VIDEO: The Georgian Pavilion in Venice: The Bouillon Group (kosovotwopointzero.com)


(kosovotwopointzero.com) Religious aerobics by the Bouillon Group create a forum just outside the Georgia Pavilion to see certain rituals performed in a light you might never have imagined before.

The Georgian pavilion is a project constructed by individual artists as well as a collective of artists reflecting upon the different possibilities of contemporary urban architecture and its various means of use and expression. Using the concept of reuse of existing spaces, construction, movements, rituals and objects, the pavilion is an impressive experimental collection of unfinished sympathy towards the unconstructed, the weird, rare and reusable form. During the performance, the artists perform certain aerobics reminiscent of religious, islamic prayer rituals till they bleed, not noticing their bodily limits while ascending into the trance of the religious ritual.

Text: Shelbatra Jashari

Official description of Bouillon Group via the Georgian Pavilion website:

Bouillon Group, artist collective, founded in Tbilisi in 2008. Bouillon Group’s performances, actions and artistic interventions mostly take place in the public realm. They also worked on a series of exhibitions in private apartments referring to the role of private flats during the Soviet Union—often the only space of public debate or exhibition making available, which was not officially supported and controlled. They have taken part in Betlemi-Mikro-Raioni (2009) and Frozen Moments.
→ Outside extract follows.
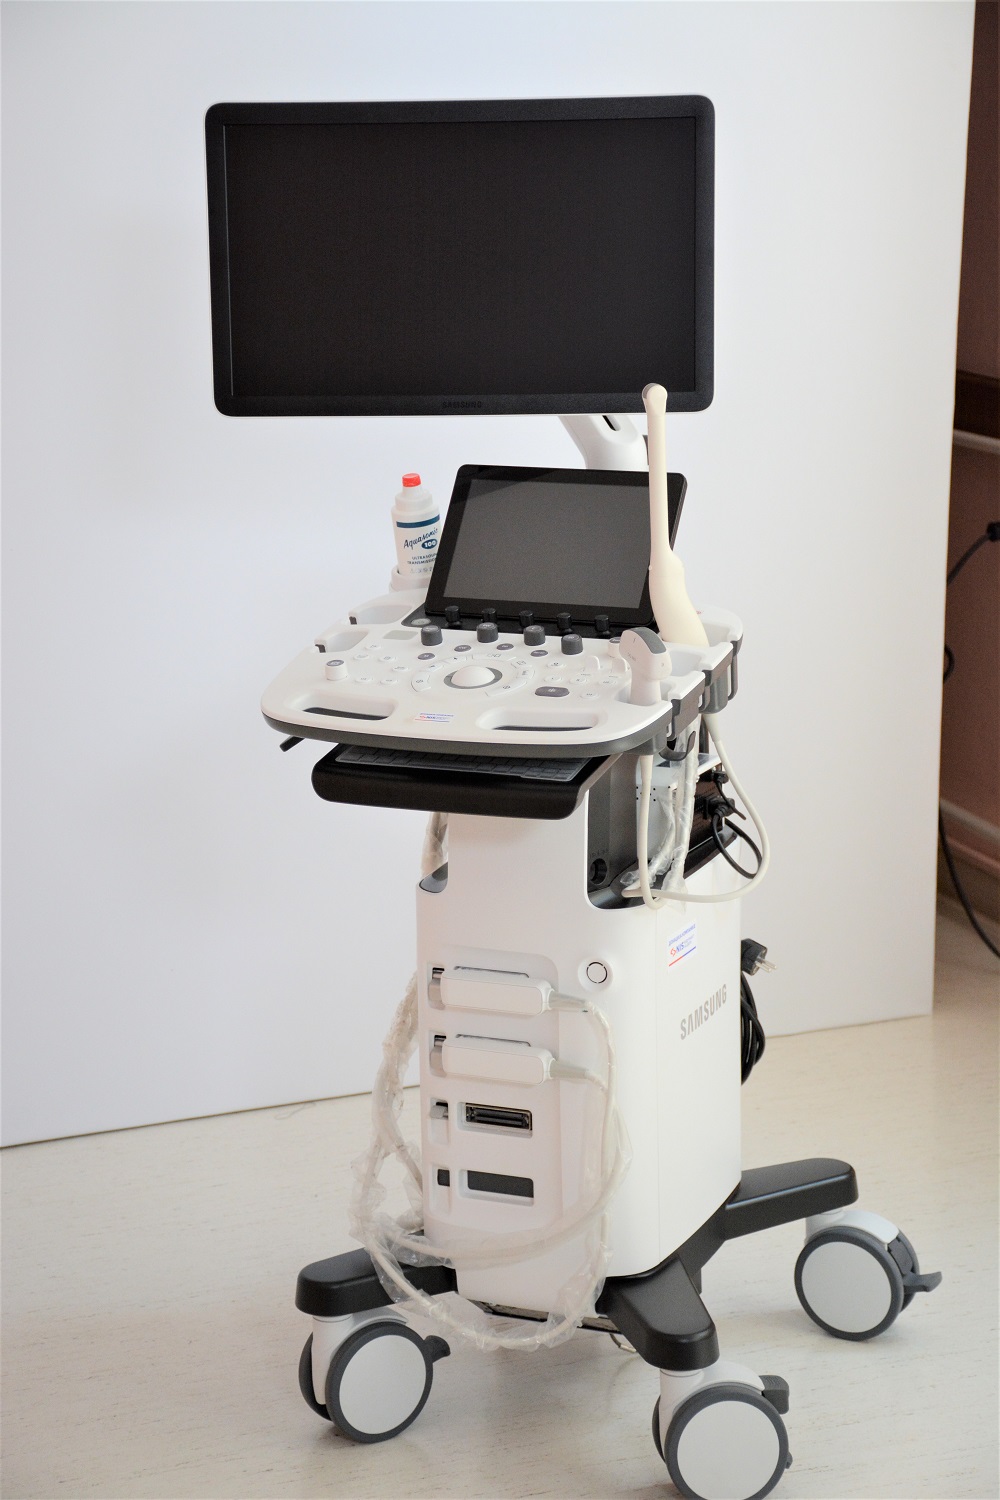 ultrazvučni aparat-nis-srbobran-donacija

Architecture Speaks Back (2010), both art projects in Tbilisi curated by Joanna Warsza. They have exhibited with AICA Armenia (2010) in Poland (MOCAK in Kraków and Arsenał in Białystok, both in 2011), and in Germany (GfZK in Leipzig, 2010), among others. The project for Kamikaze Loggia at the Pavilion of Georgia, will continue their reflection on the public and the private, as well as on the religious and the ideological.